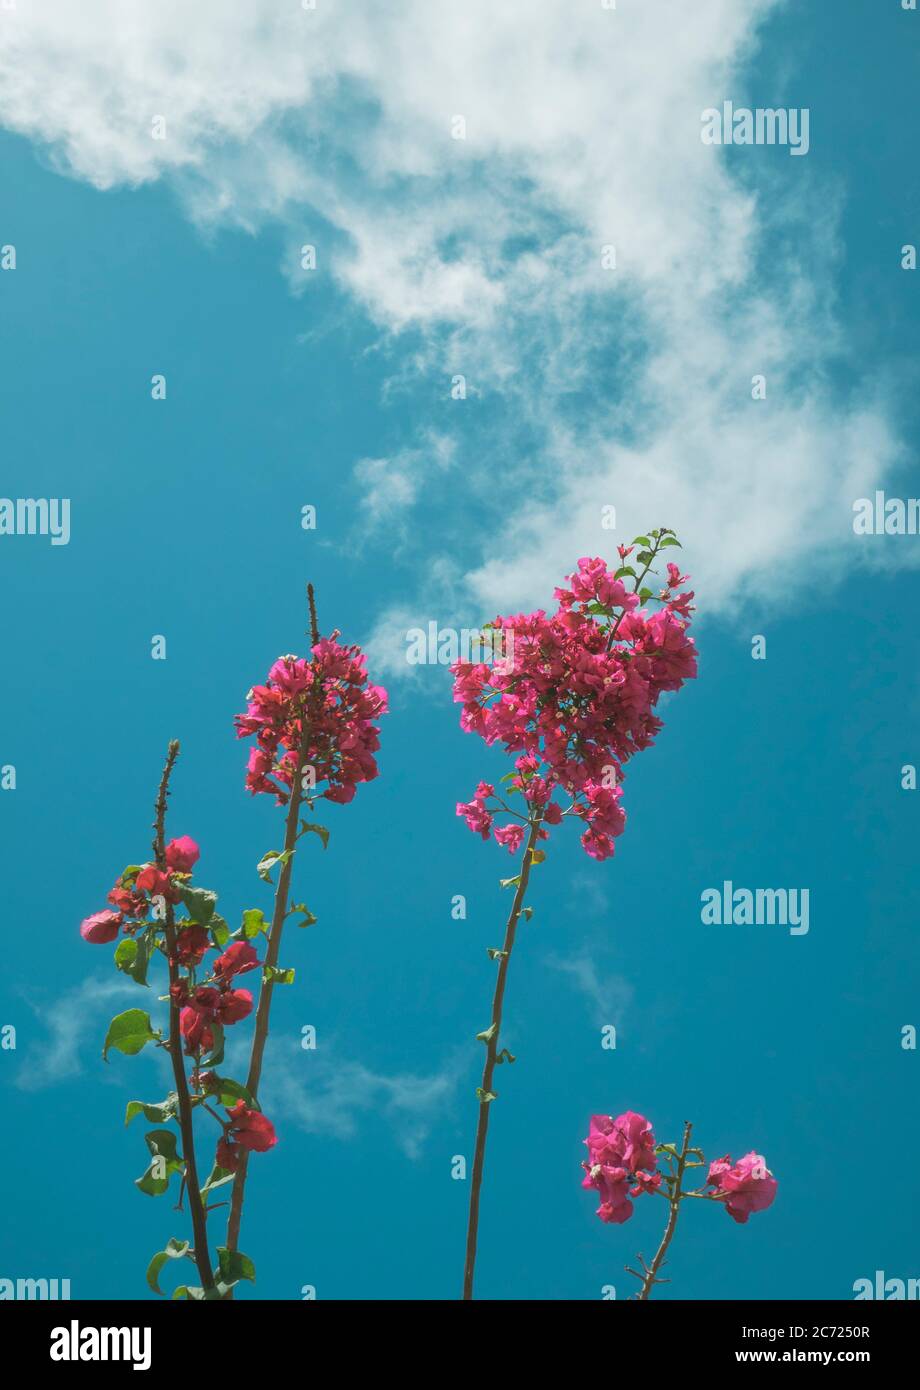 Fiori rosa su gambo di pianta contro un cielo blu desaturato Foto Stock
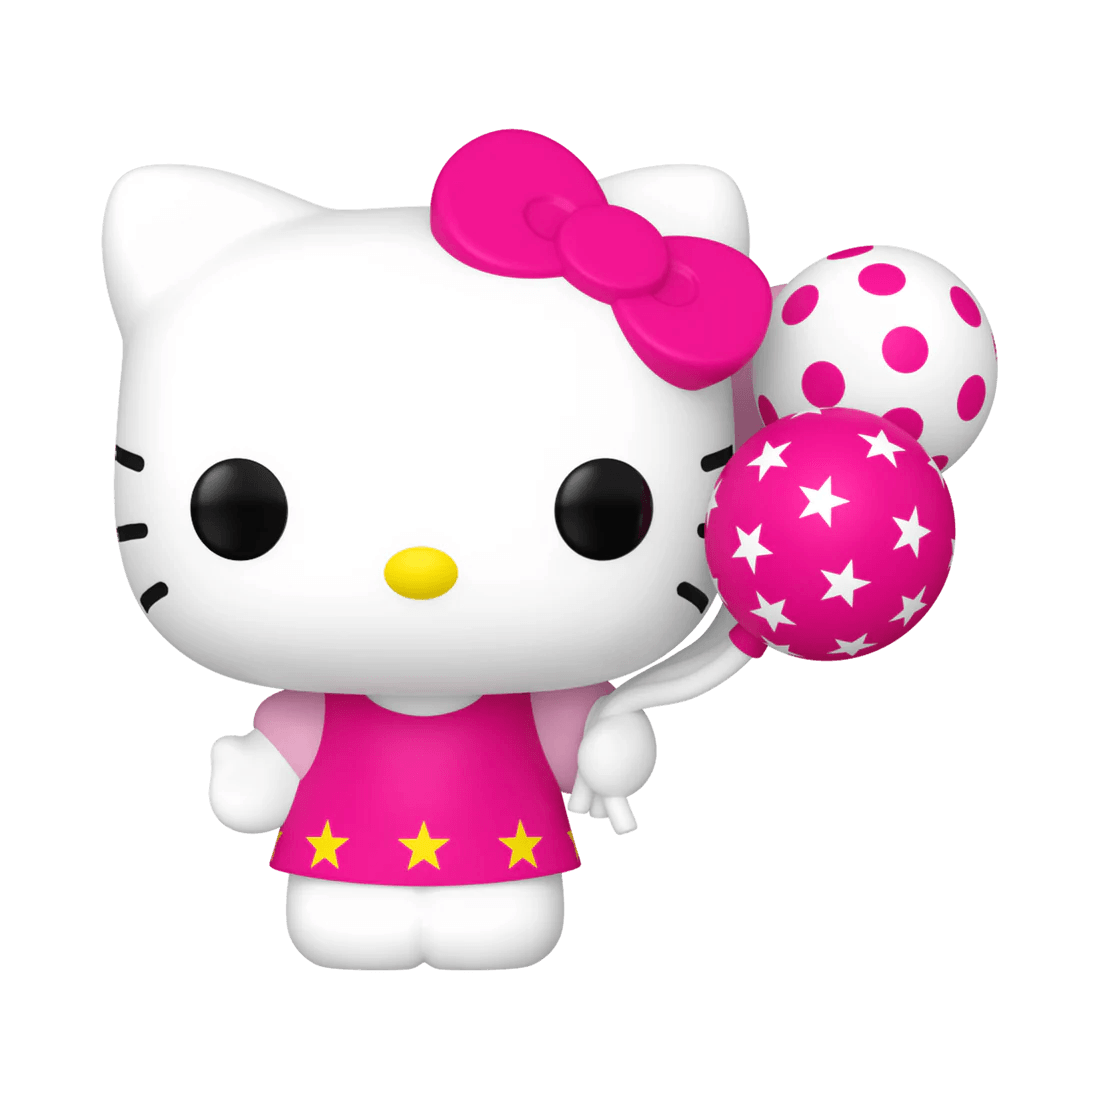 FUN77483 Hello Kitty - Hello Kitty with Pink Balloons Pop! Vinyl - Funko - Titan Pop Culture
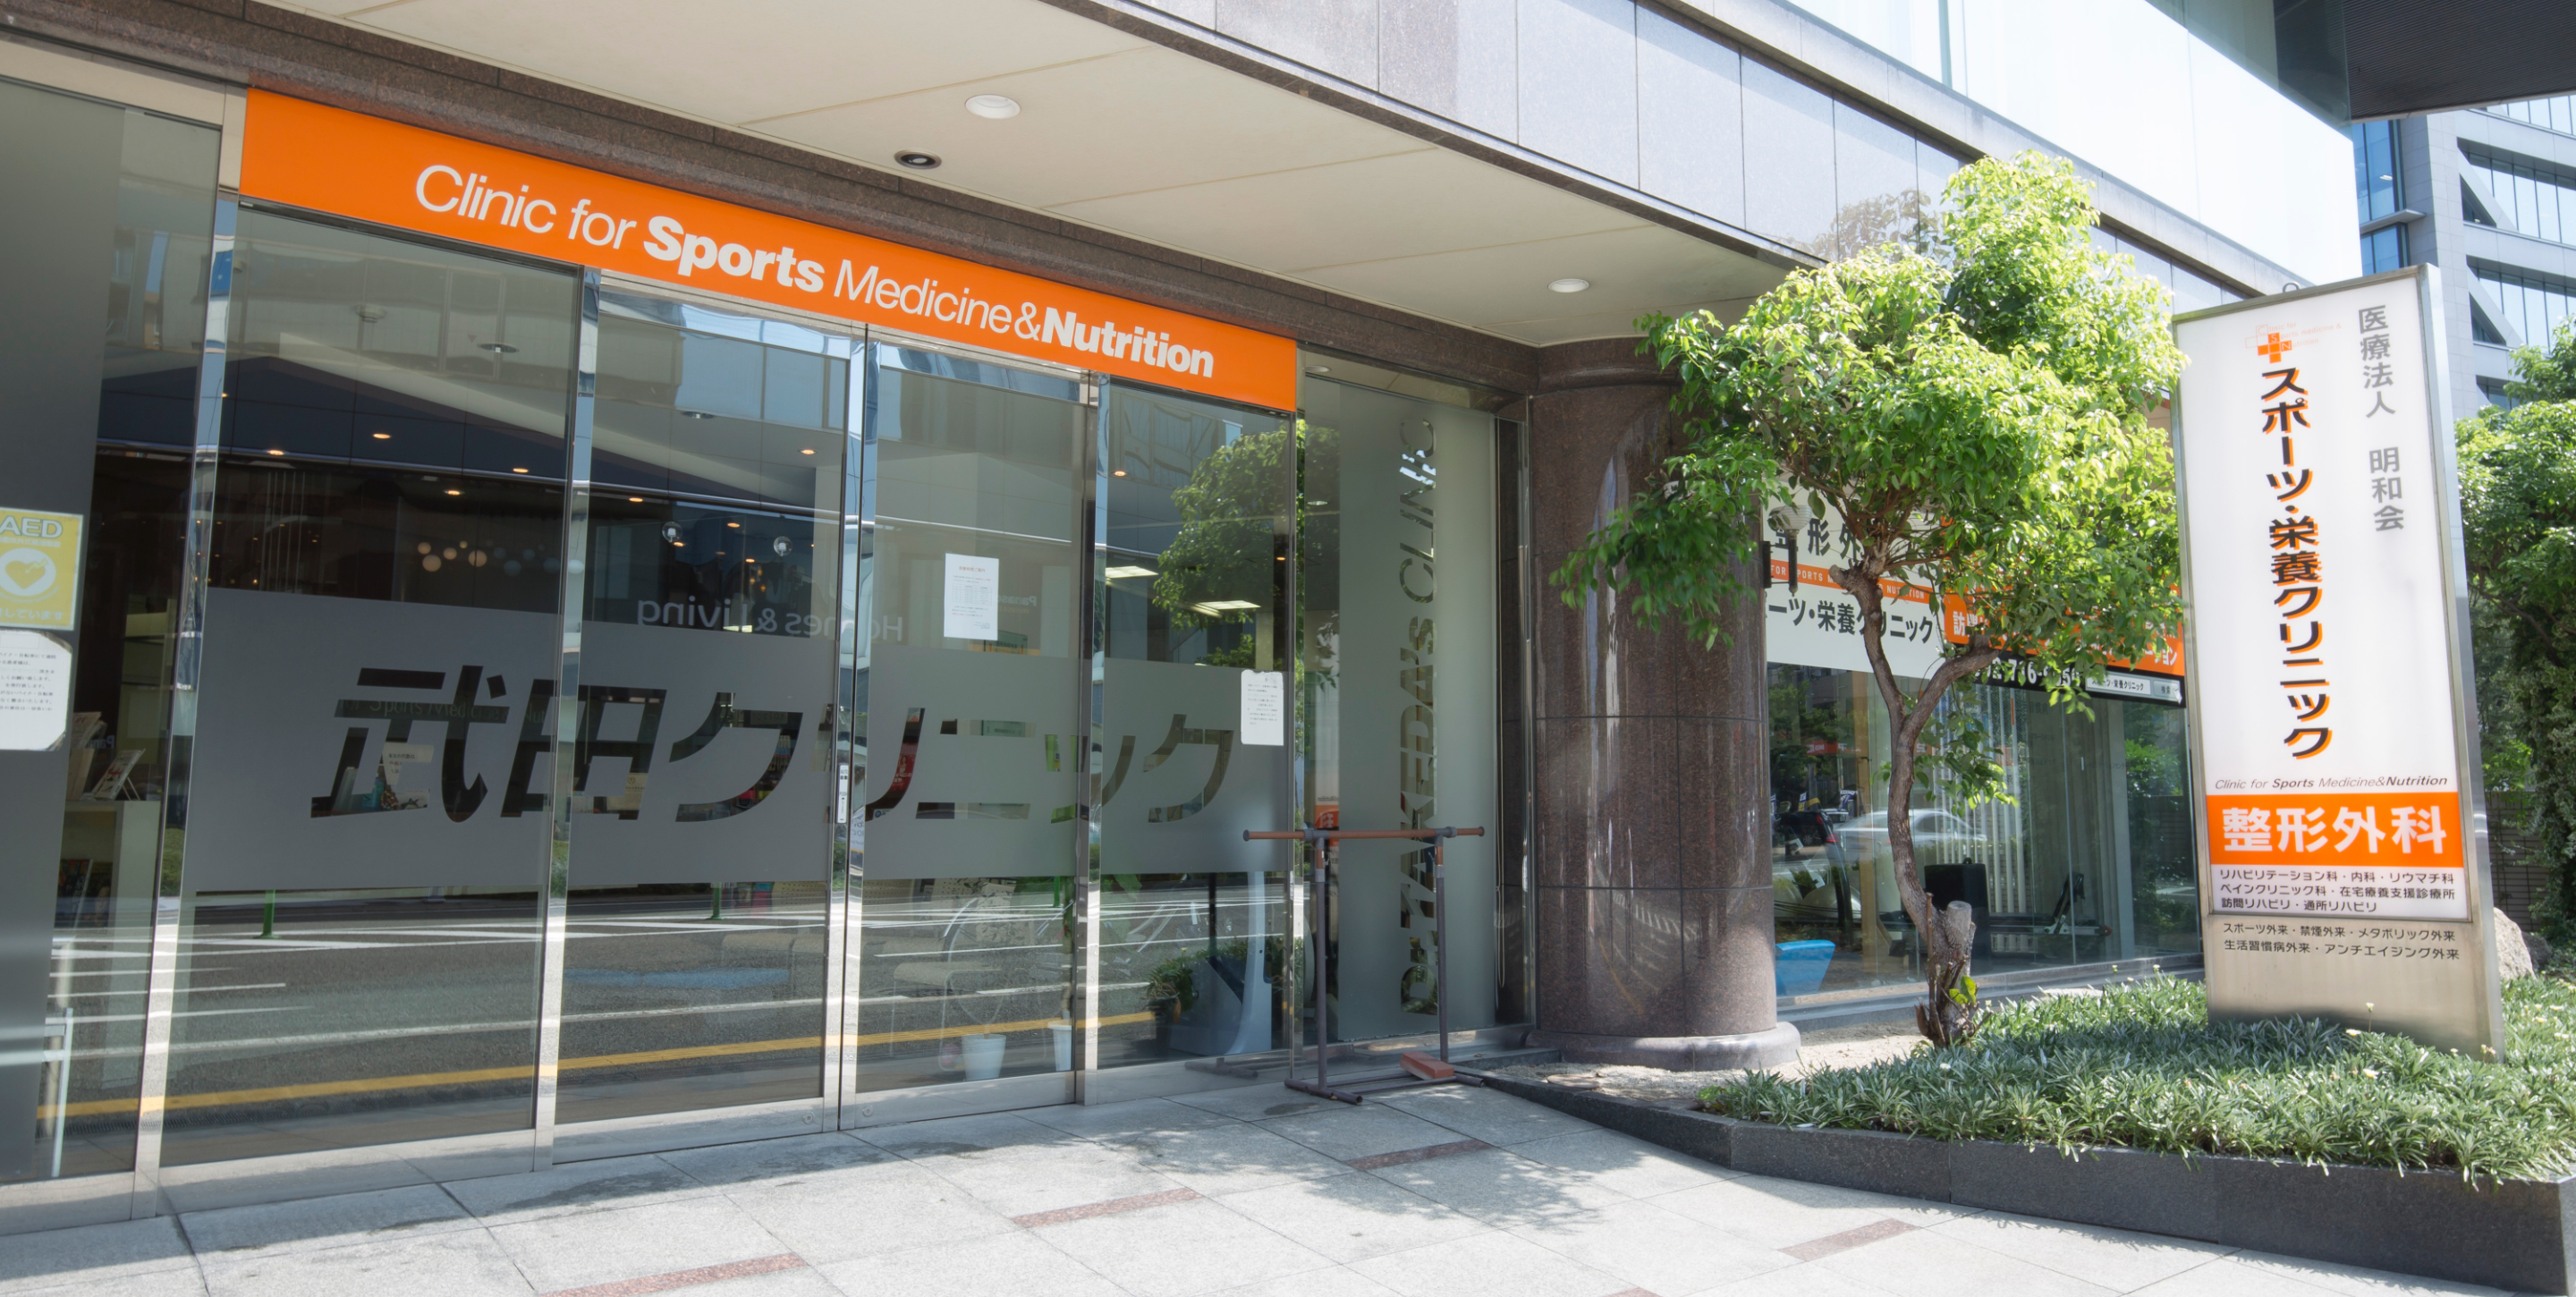 東京 スポーツ & 整形 外科 クリニック
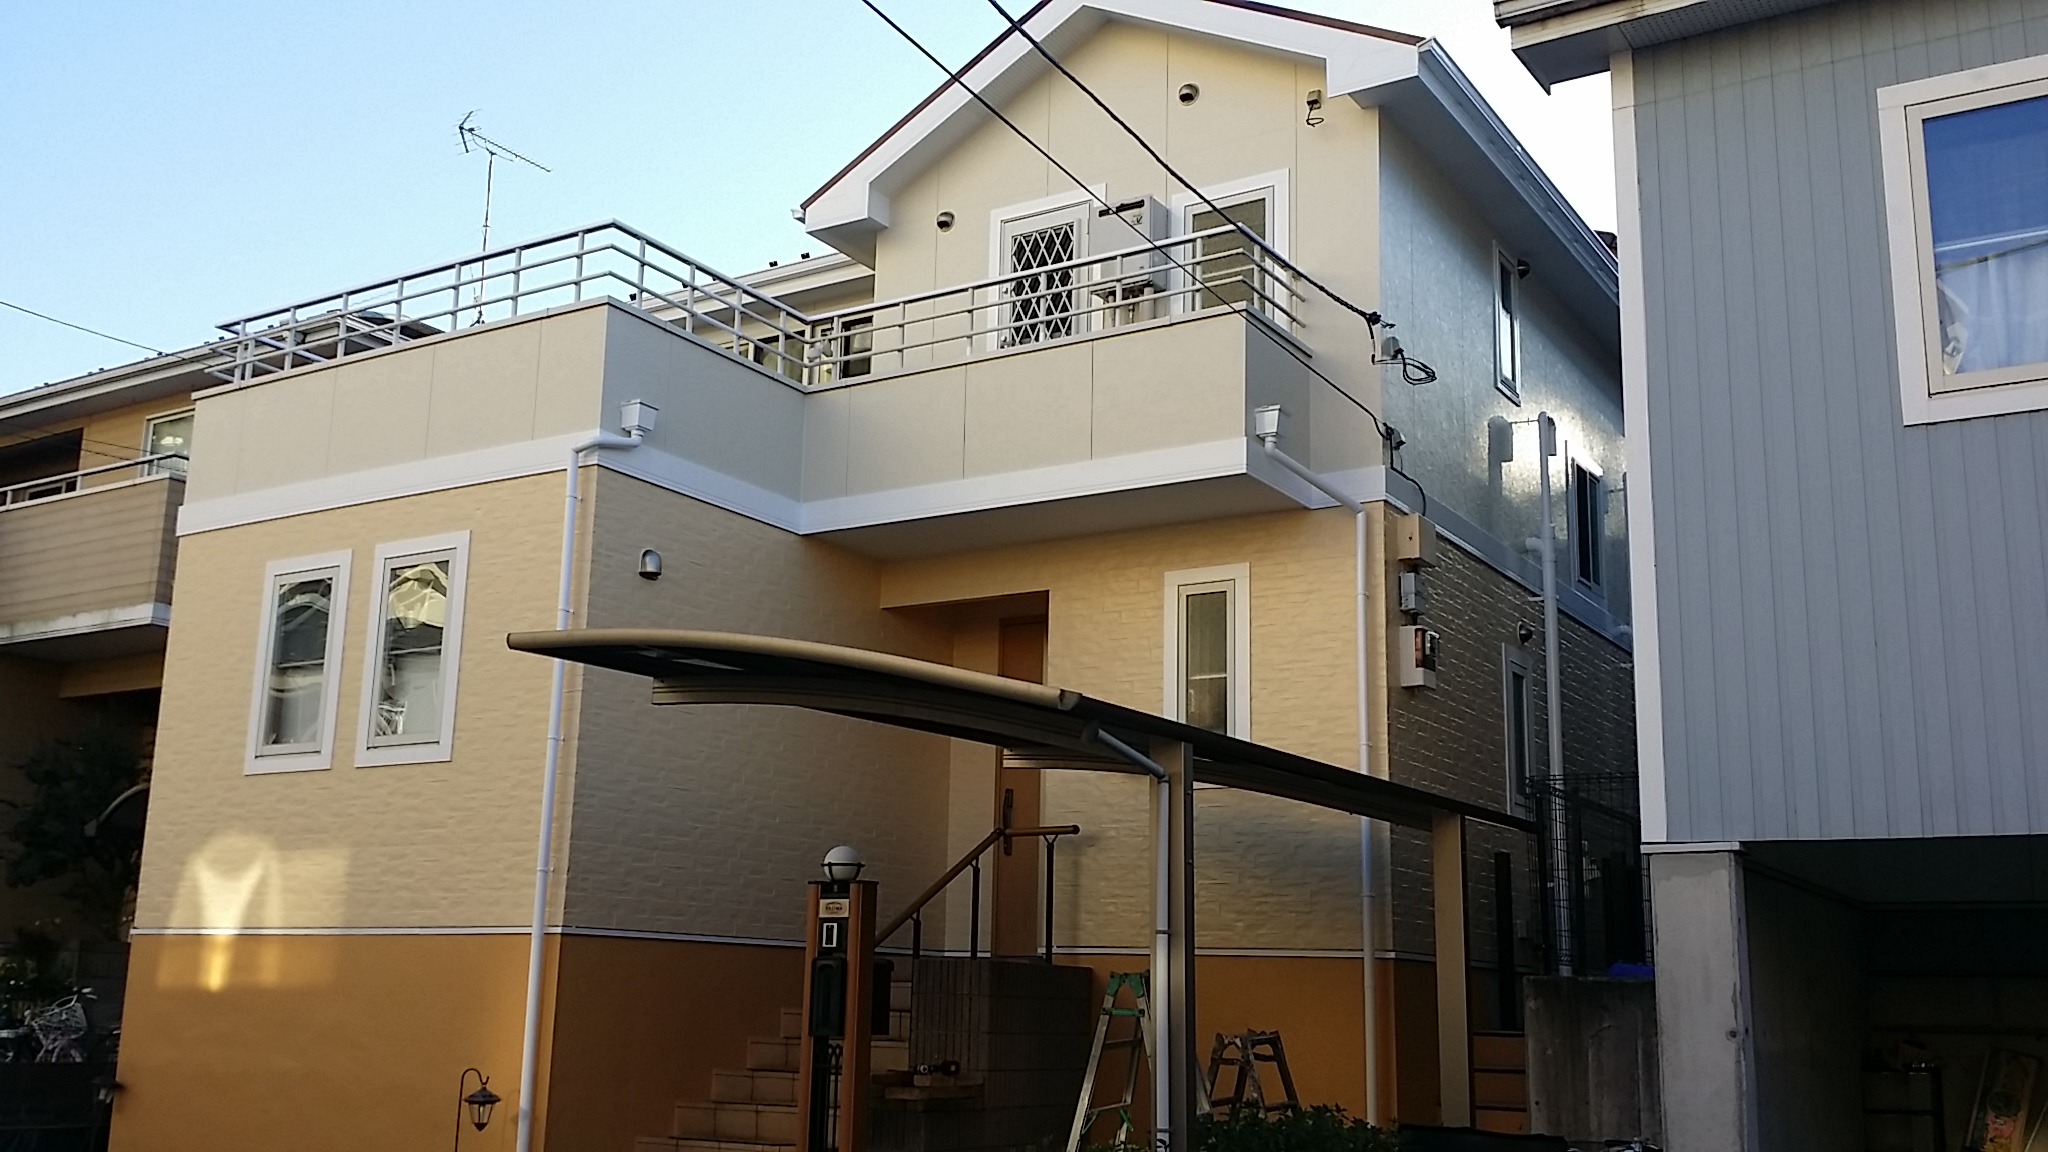 千葉県我孫子市の外壁塗装・屋根塗装工事の施工事例

+---+

Print the listing verbatim, images excluded.

 Fiori rosa su gambo di pianta contro un cielo blu desaturato Foto Stock
 FUN77483 Hello Kitty - Hello Kitty with Pink Balloons Pop! Vinyl - Funko - Titan Pop Culture
 東京 スポーツ & 整形 外科 クリニック
 千葉県我孫子市の外壁塗装・屋根塗装工事の施工事例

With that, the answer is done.